You have just finished a season in which you remarkably won 10 games after being below five hundred last year. You make it to the SEC championship, play a great first half and then get blown out in the second. You have an elite defense. Your offense has been effective, but not great. You have talented lineman, but only one deep per position. You have a talented running back, but he has been hurt and has an attitude. You have a quarterback who leads the conference in touchdown passes but also in interceptions, he’s also sixth in the conference in accuracy, come to think of it your quarterbacks have never been that accurate. Your fans love your defensive coordinator, but ridicule your offensive coordinator. After last season most of them wanted you to find another job.

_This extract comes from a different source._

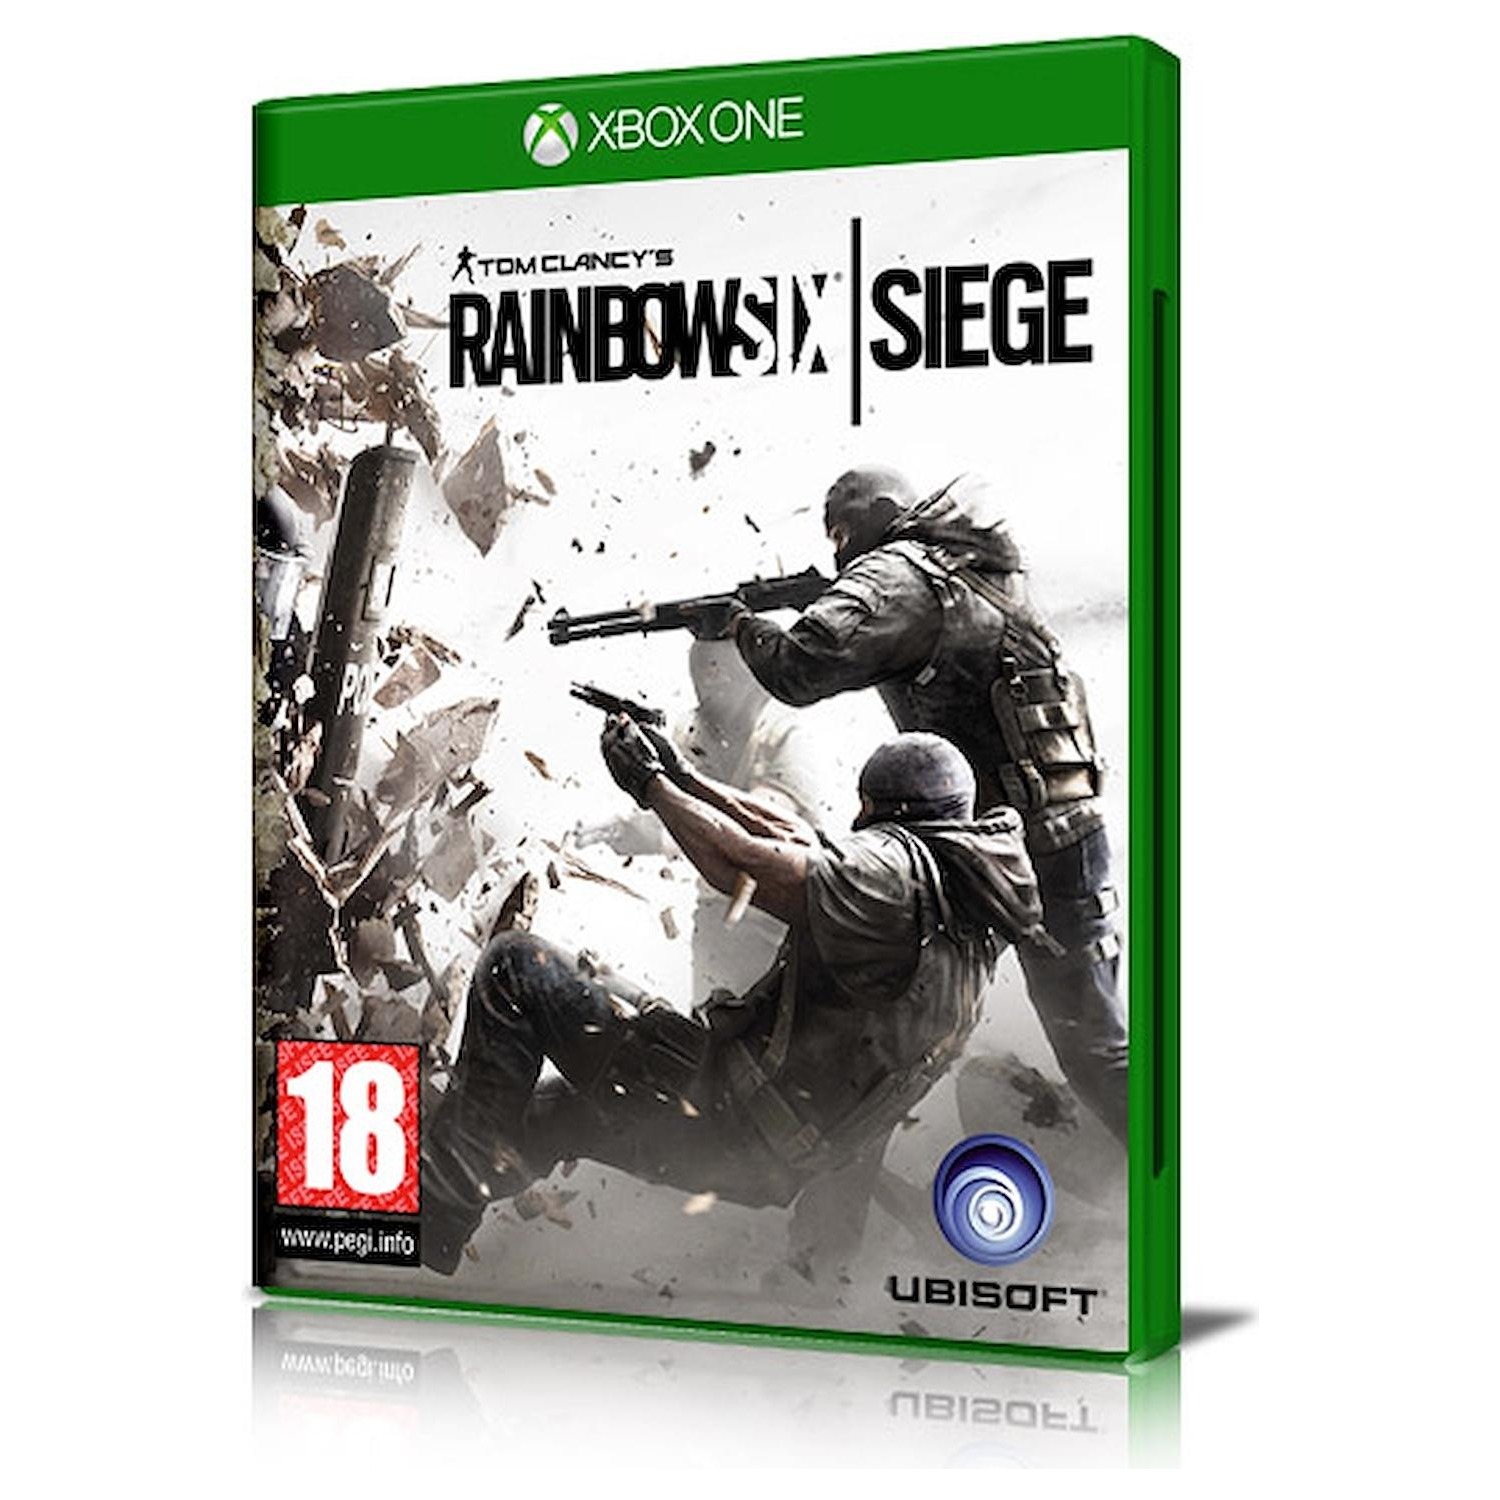 Immagine per Gioco XBOX ONE Rainbow Six Siege da DIMOStore
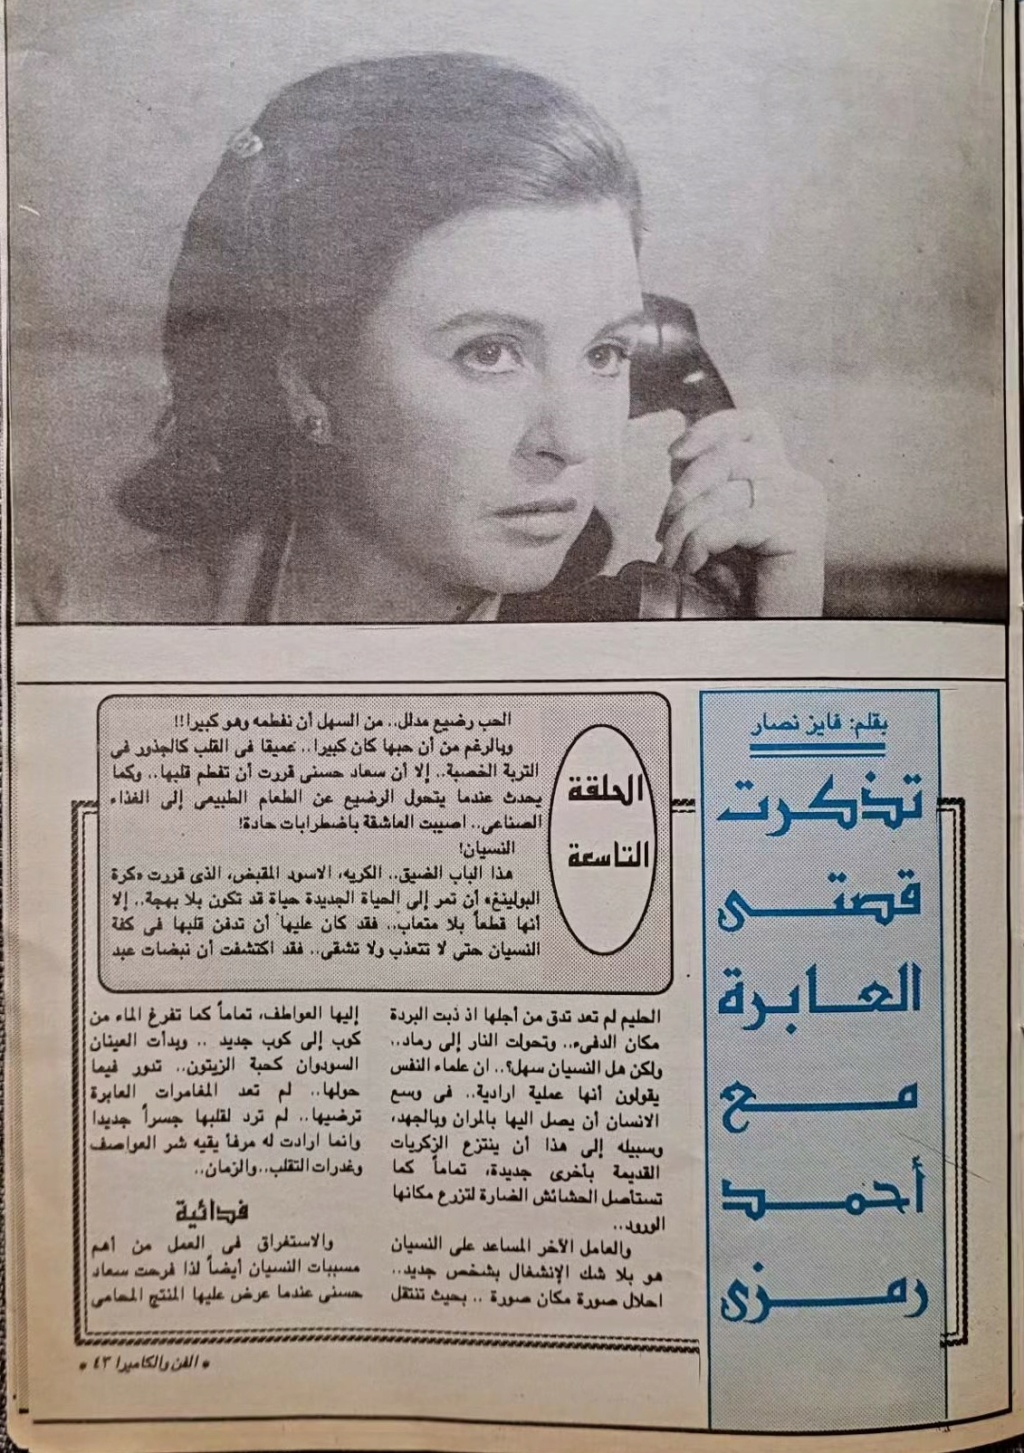 مقال - مقال صحفي : سعاد حسني تتذكر .. اختفيت وحبيبي الجديد وراء الأهرام 1992 م 289

Welcome to Mark Richt’s world. We have all talked a lot about Georgia’s offensive challenges. We all want to see it improve. I’ll discuss three possible ways of looking at the problem.

1. It’s a problem of leadership with Mike Bobo and Mark Richt

2. It’s a personnel problem involving the depth on the offensive line and running backs, and accuracy at quarterback.

So put yourself in Mark Richt’s position. You want to improve your offense for 2012. What do you do?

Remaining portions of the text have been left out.